記事

「次の大地震」に備えたシステム構築はここまで進んでいる - 夏目 幸明(ジャーナリスト)

1/2

■震災対策・インフラを結ぶ「絆」■


高速道路のサービスエリアが防災拠点に

3月14日、東京と北関東を結ぶ常磐自動車道の守谷サービスエリア(以下SA、茨城県)で『Pasar守谷(上り線)』開業の内覧会が行なわれた。首都圏直下型地震などの大きな災害が起きたとき、ここが被災地に向かう自衛隊や消防などが使う“最前線”の基地になるのだ。

発災と同時に、フードコートにいた利用客は避難誘導される。そして陸上自衛隊、消防、警察、日本赤十字、DMAT(災害派遣医療チーム)、携帯電話キャリア各社などのブースが置かれ、即座に関係機関・企業の共同災害対策本部が立ち上がる。
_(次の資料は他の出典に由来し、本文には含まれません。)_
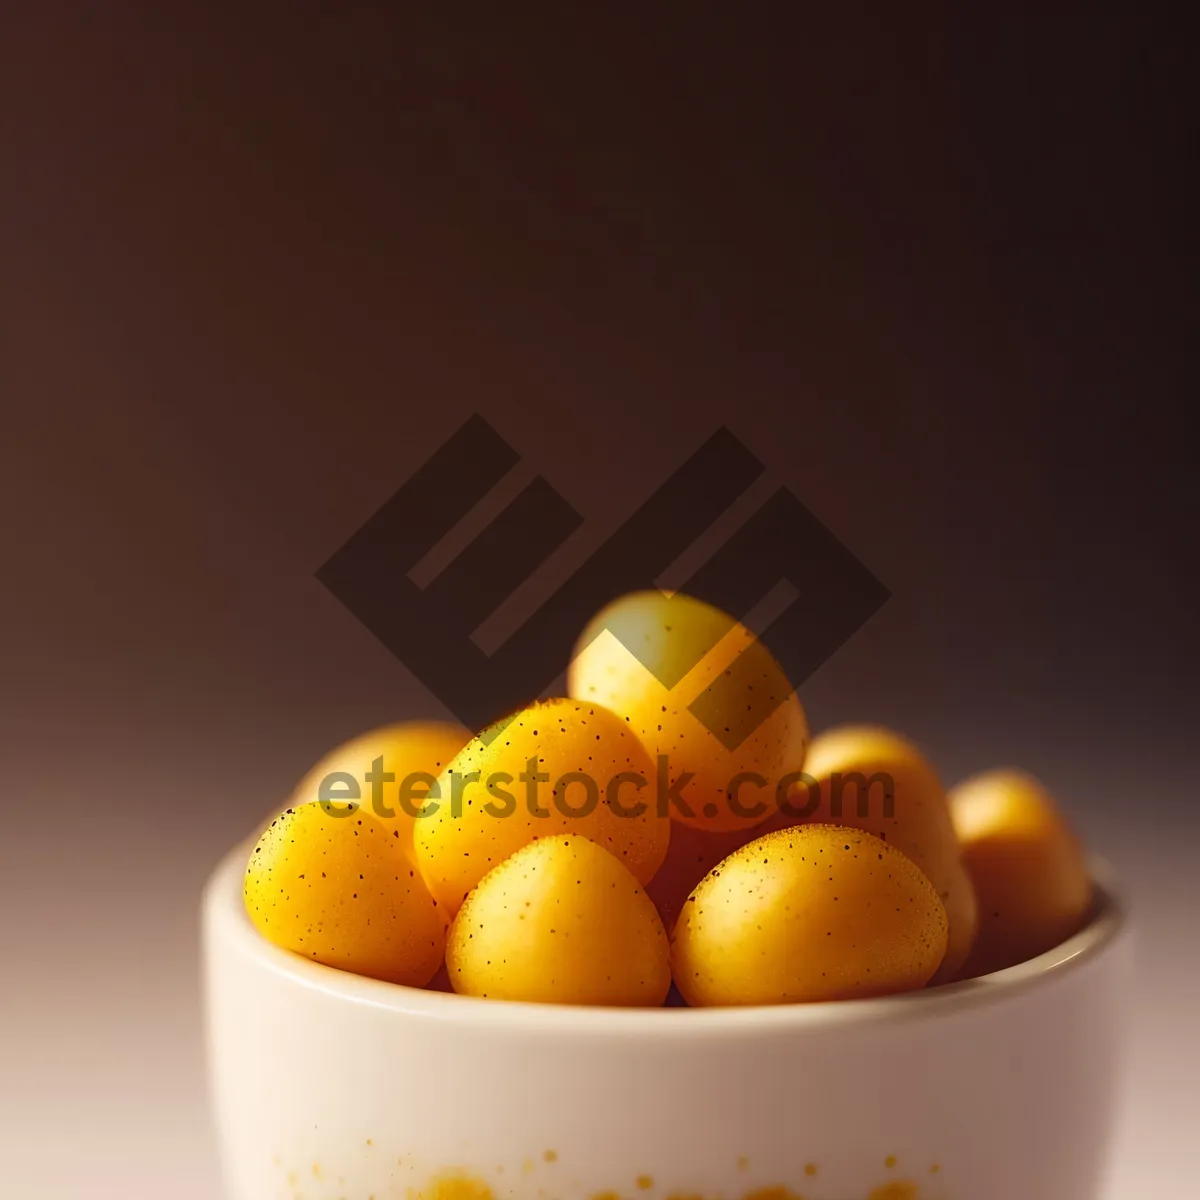 Picture of Juicy Citrus Delight: Fresh, Sweet Kumquat and Tangerine

NEXCO東日本の管理事業本部防災・危機管理チームサブリーダー・久保竜志氏が話す。

「守谷SAには、ヘリポート、自家発電機などが設置され、井戸も掘られています。井戸は、今後、飲料水としても使えるようにする予定です。駐車場は、自衛隊、消防、医療機関等の車両が駐車できるだけの広さを確保しており、各部隊の連結所、物資の集積所としても使えます」

災害が起きたとき、高速道路は緊急輸送道路として大きな役割を担う。東日本大震災のときには、東北自動車道の前沢SAなどが被災地へ向かう機関の前線基地として活用された実績もあった。
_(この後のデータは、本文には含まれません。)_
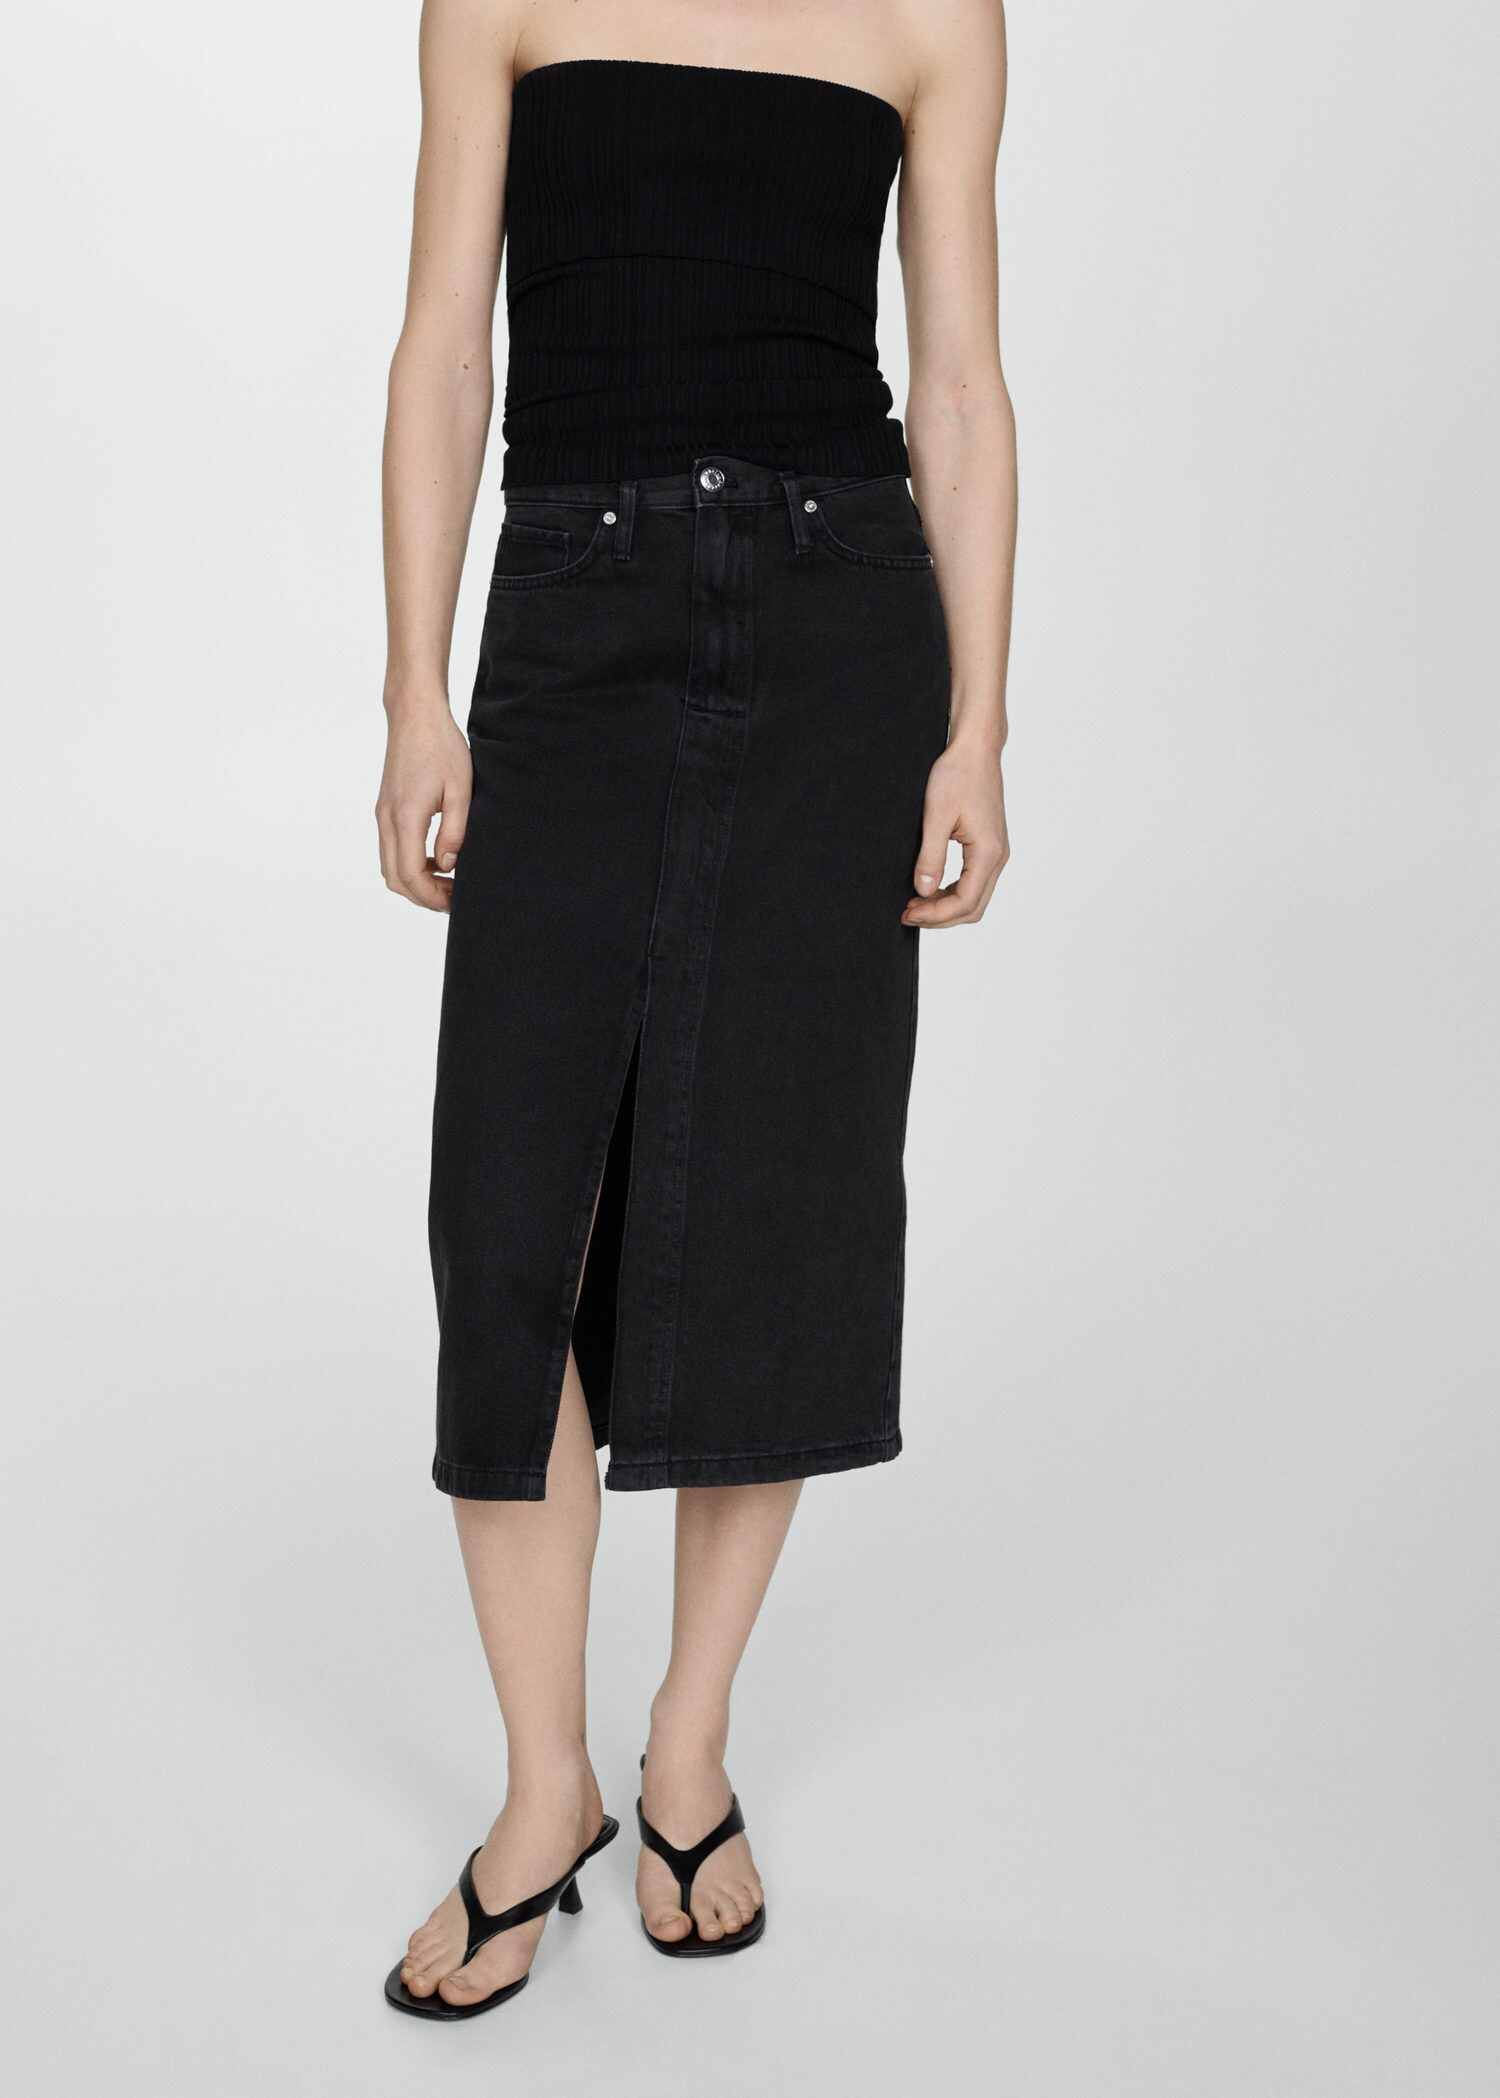 Short denim skirt - Black - Ladies | H&M IN

このとき、NEXCO東日本は場所を提供するだけでなく、貴重な教訓を得ていた。

「われわれは“一刻を争う人命救助や迅速な復旧のためには、組織の垣根を越えた情報共有が欠かせない”と学んだのです。たとえば弊社が震災直後に高速道路の被害状況を把握していても、情報が関係各機関に届かず、“行ってみたけれど道ががれきでふさがれていた”では意味がありません。

また、情報が共有されるまでに時間がかかったらタイムロスになります。そこで、弊社は自衛隊や消防、インフラ各社等に働きかけ、あらかじめSAを防災拠点として災害時に強いライフラインを整備し、情報を一元化できないかと考えたのです。守谷SAはそのモデル事業。今後は、各地の主要なSAにこの機能をもたせていこうと考えています」

地震が起きると、まずは東京ヘリポートから、通信装置が付いたカメラを載せたヘリが飛び立つ。同時に各管理事務所の人員が、高速道路を低速で走行し、写真を撮るなどして情報を集める。これら共有される空と陸からの情報は、一元的に集約される。

NEXCO東日本とパスコで共同研究した緊急ヘリ撮システムは、「撮影と同時に、撮影位置と方角が自動計測され、(グーグルマップのような)一枚の地図に結果が集約されます。いままでは各地点の写真を撮影すると、ズームして撮影したものは『これはどこの写真だ?』と照会するのに時間がかかりました。しかし今後は大きな地図上にアイコンが表示され、クリックすると詳細が表示されるようになるのです」。

写真は、空撮後、守谷SAのヘリポートに着陸してから、約60分以内には資料化され、即時各機関に配布されるという素早さだ。

内覧のあとの訓練に、自衛官らも参加していた。陸上自衛隊東部方面総監部の陸佐にインタビューすると、彼はこう答えた。

「被災地に部隊が進出する際、情報がないと、われわれは暗闇のなか、手探りで救援活動をするような状況に陥ります。しかし前線の司令部に道路、気象、通信など、専門的な機関からの情報があれば、われわれはより効率的、効果的に部隊を動かせます」

屈強そうな顔が、力強くほほ笑んだ。震災が起きるたび、貴重な人命が失われる。だがその一方で、復旧までの動きは素早くなっていく。

たとえば1995年の阪神・淡路大震災のとき、NEXCOの前身である日本道路公団をはじめとする道路管理者はまず、緊急車両(自衛隊の車両や物資を積んだ車など)を通す緊急復旧工事を行なう必要があった。

人命をどれだけ多く救助できるかは、初動の速さに左右される。震災の発生から72時間を超えると、生存者の命の多くが失われてしまうのだ。さらには、道路が通じていなければ電気も水道も工事ができない。そこで阪神・淡路大震災後、日本道路公団は、各種工事を請け負う企業と協定を結んだ。「災害が起きたら即時、復旧工事を進めてほしい。他の工事用の資材を使ってもいい」という思い切った内容だ。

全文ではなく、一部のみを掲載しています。